** ASSIGNMENT **
Copy each line below as written, but skip the pictures.

** DATA BLOCK **
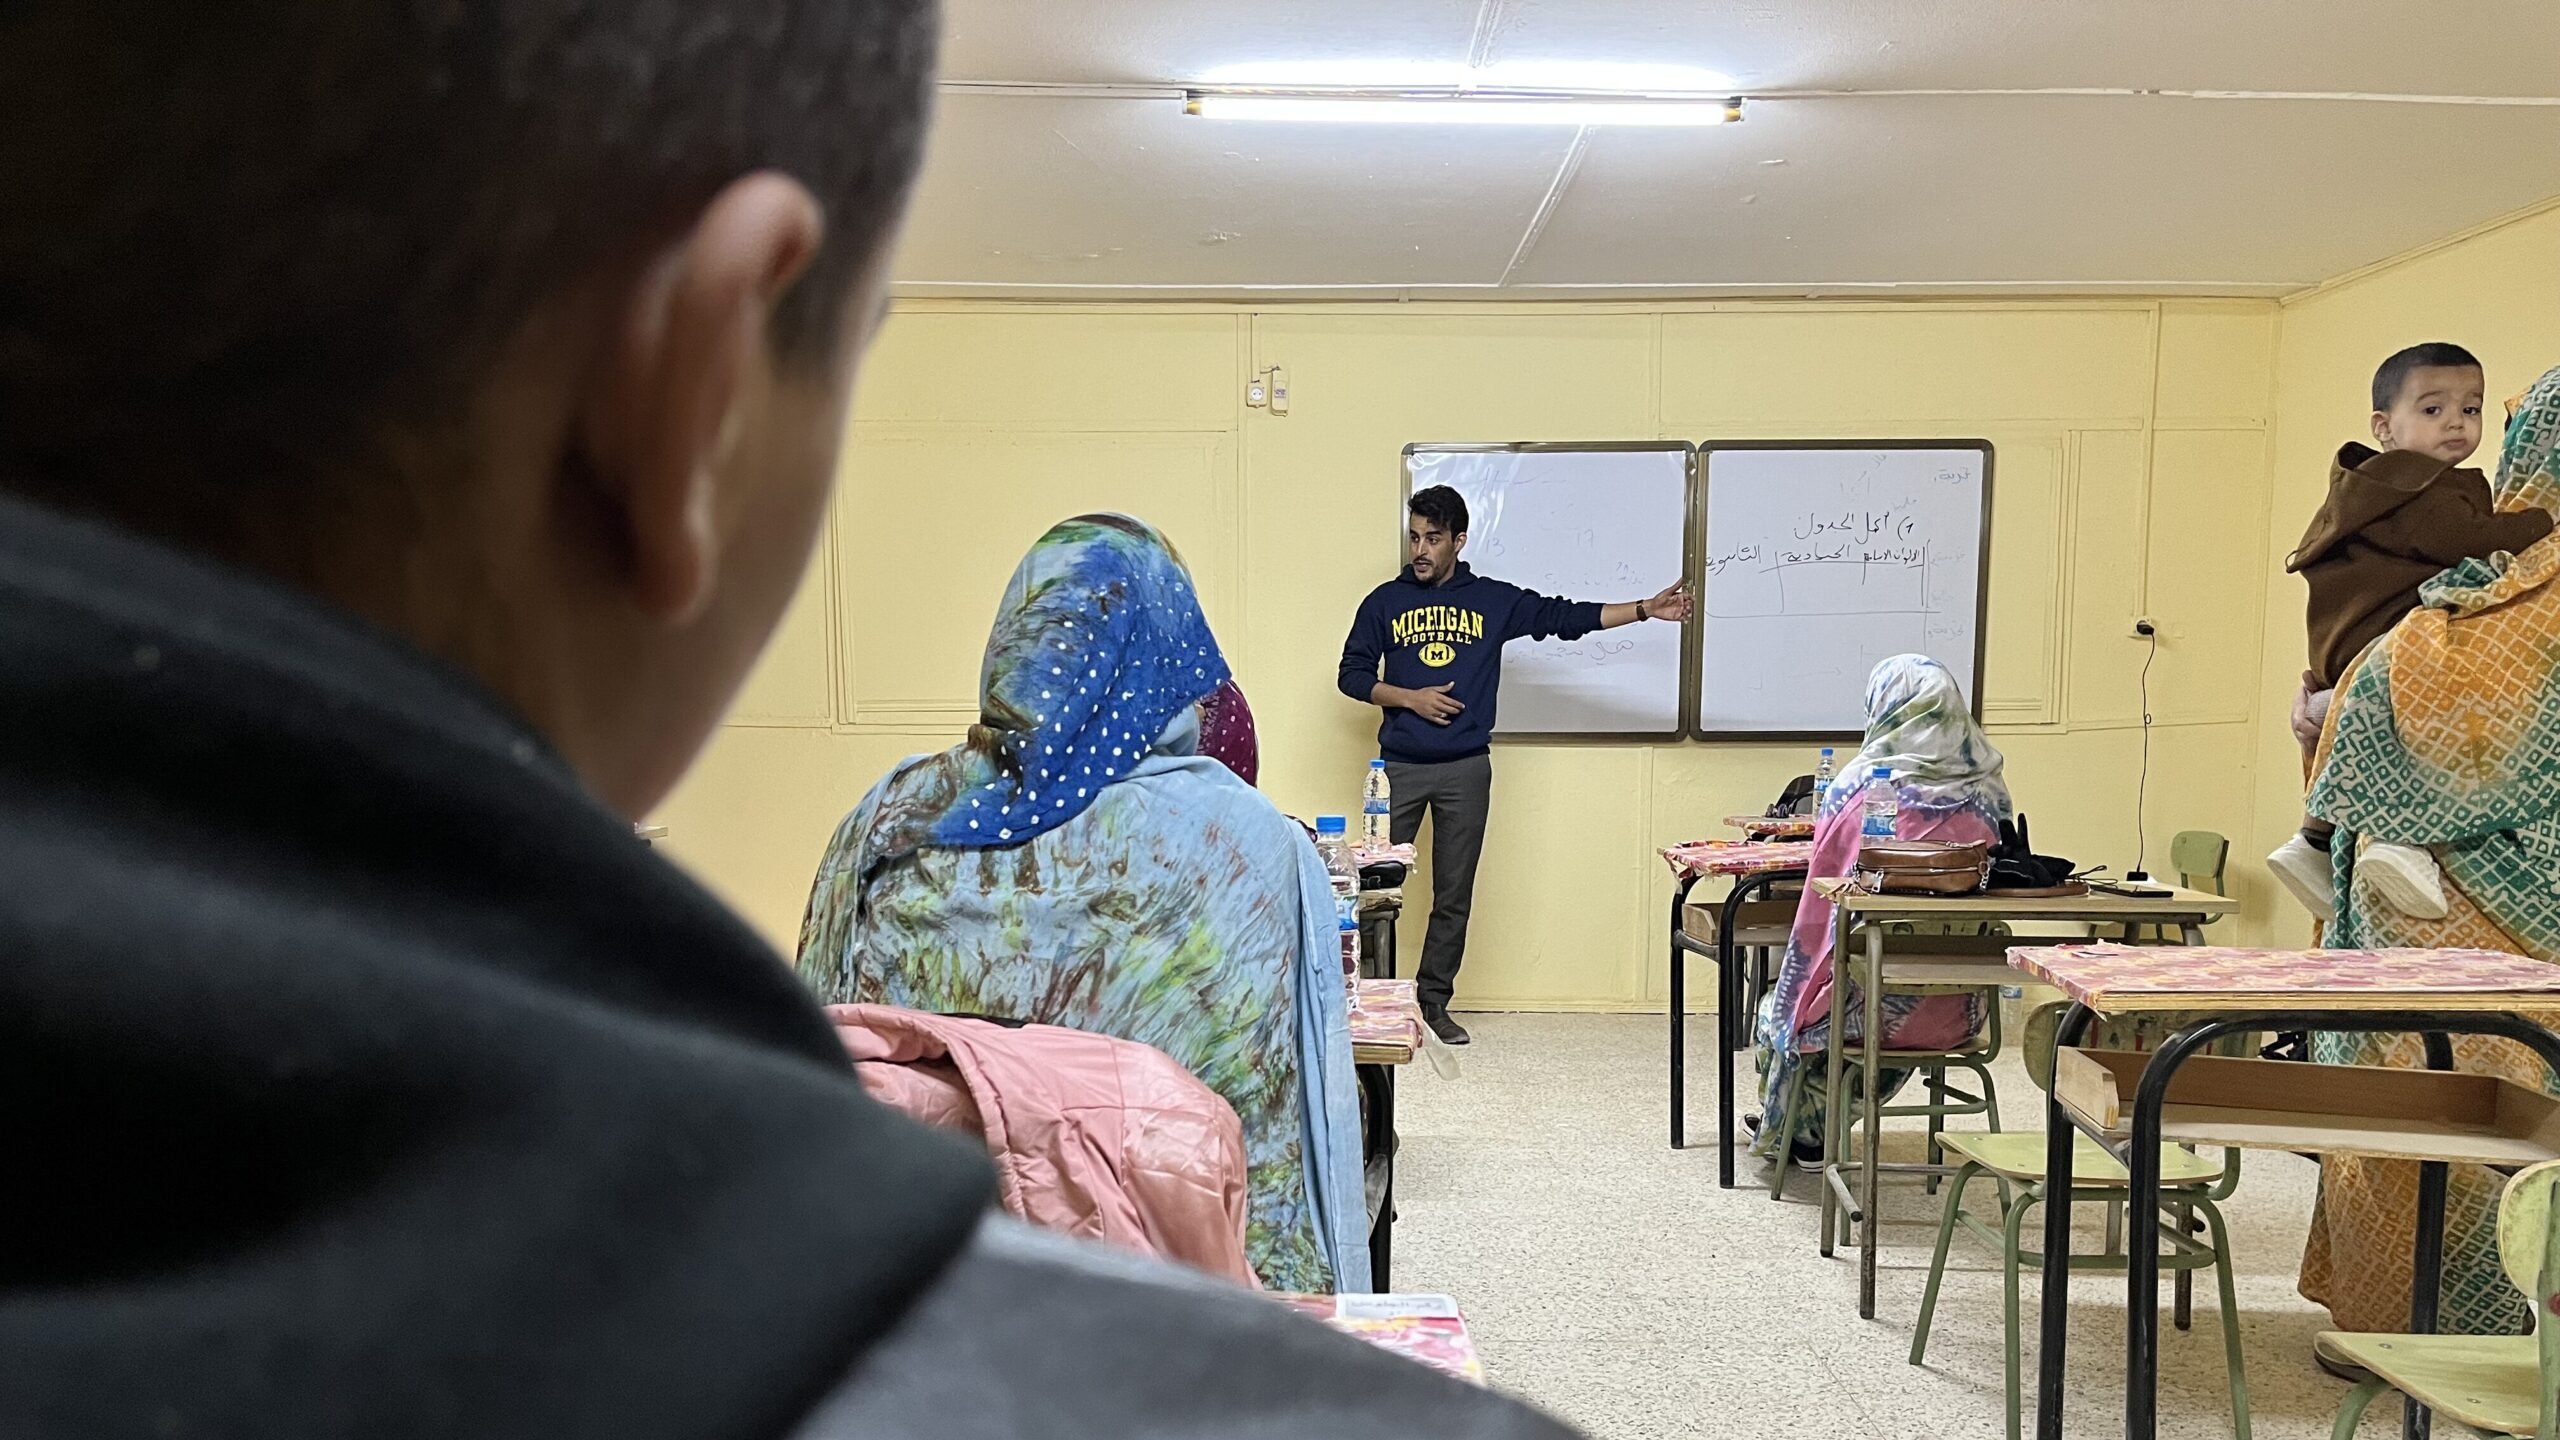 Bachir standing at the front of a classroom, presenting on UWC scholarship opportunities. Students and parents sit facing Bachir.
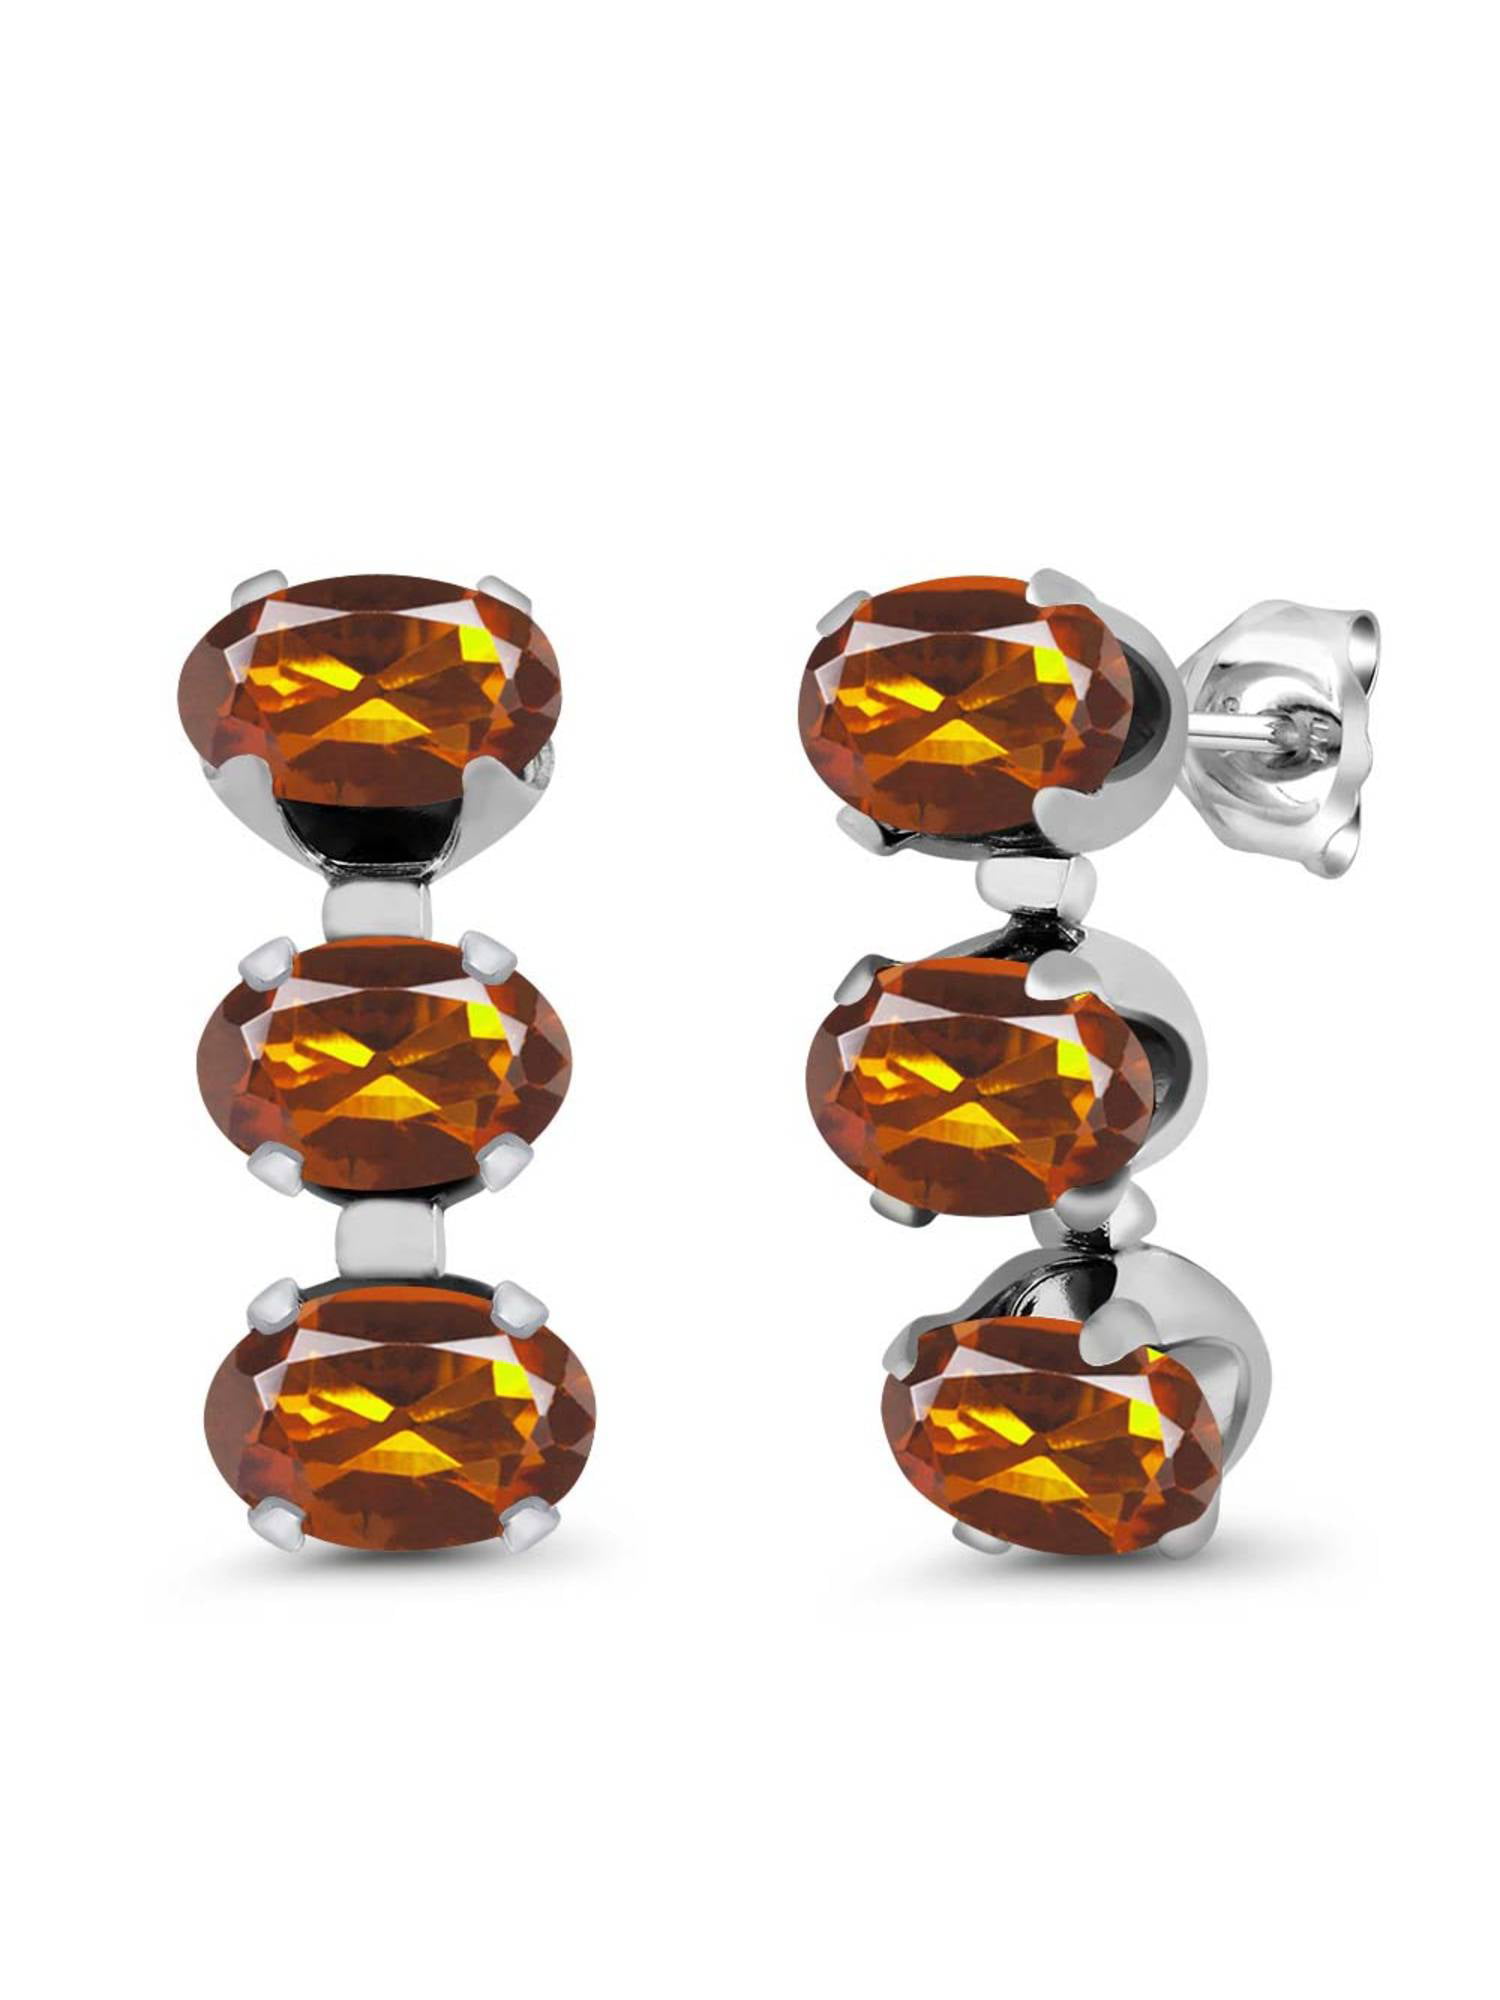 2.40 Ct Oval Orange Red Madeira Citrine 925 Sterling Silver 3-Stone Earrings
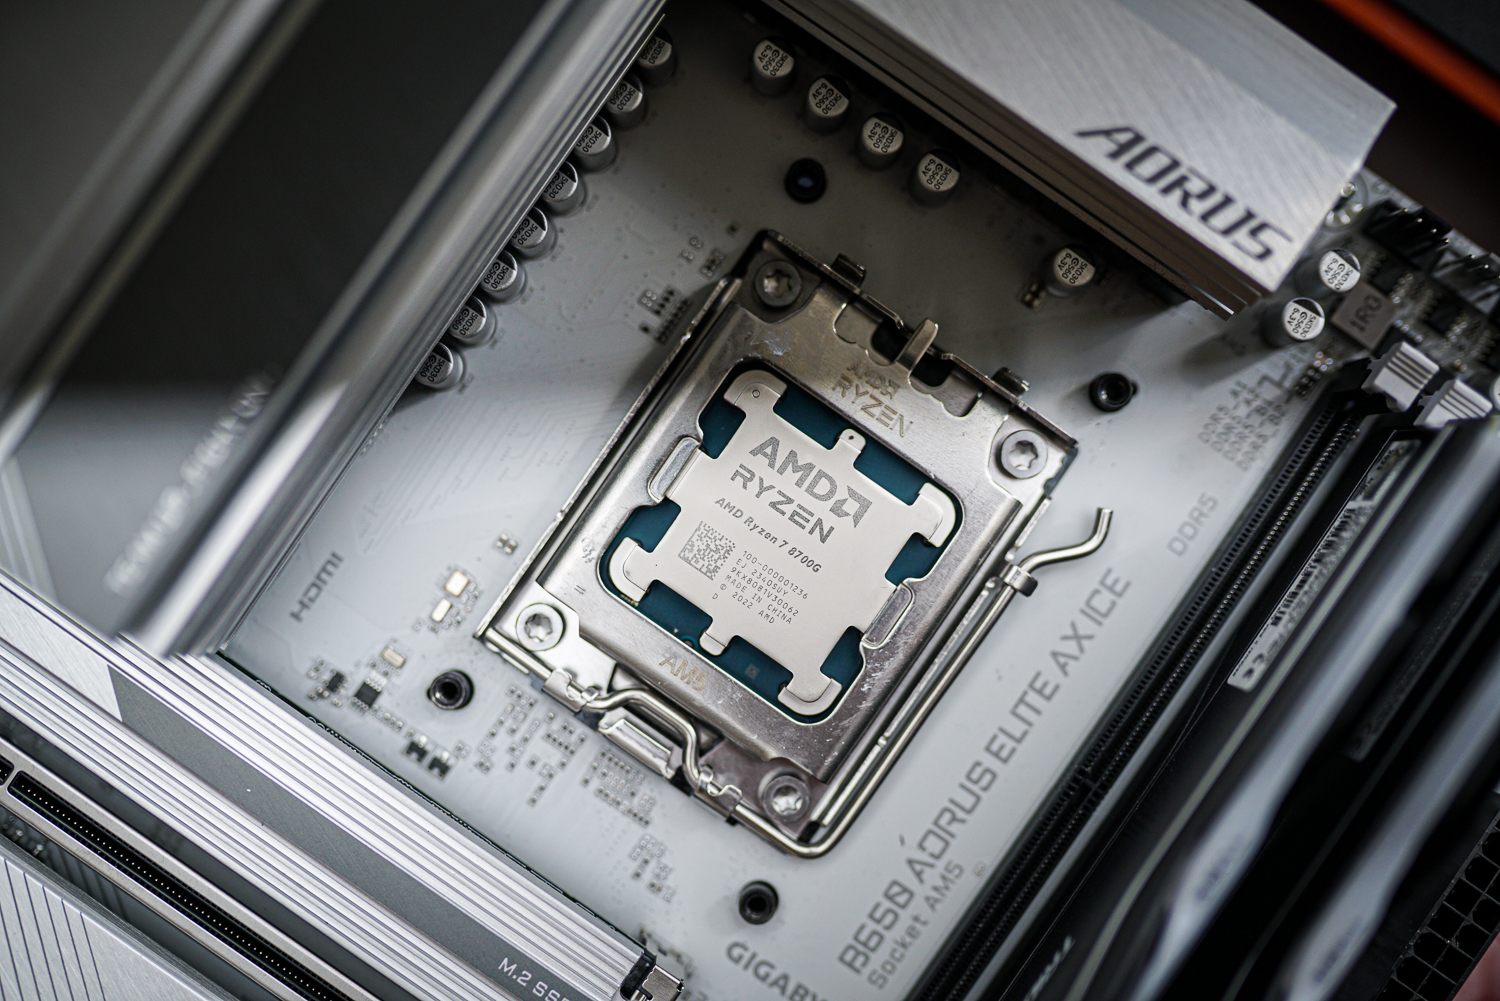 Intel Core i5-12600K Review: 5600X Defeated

** SOLUTION **
 Bachir standing at the front of a classroom, presenting on UWC scholarship opportunities. Students and parents sit facing Bachir.
 2.40 Ct Oval Orange Red Madeira Citrine 925 Sterling Silver 3-Stone Earrings
 Intel Core i5-12600K Review: 5600X Defeated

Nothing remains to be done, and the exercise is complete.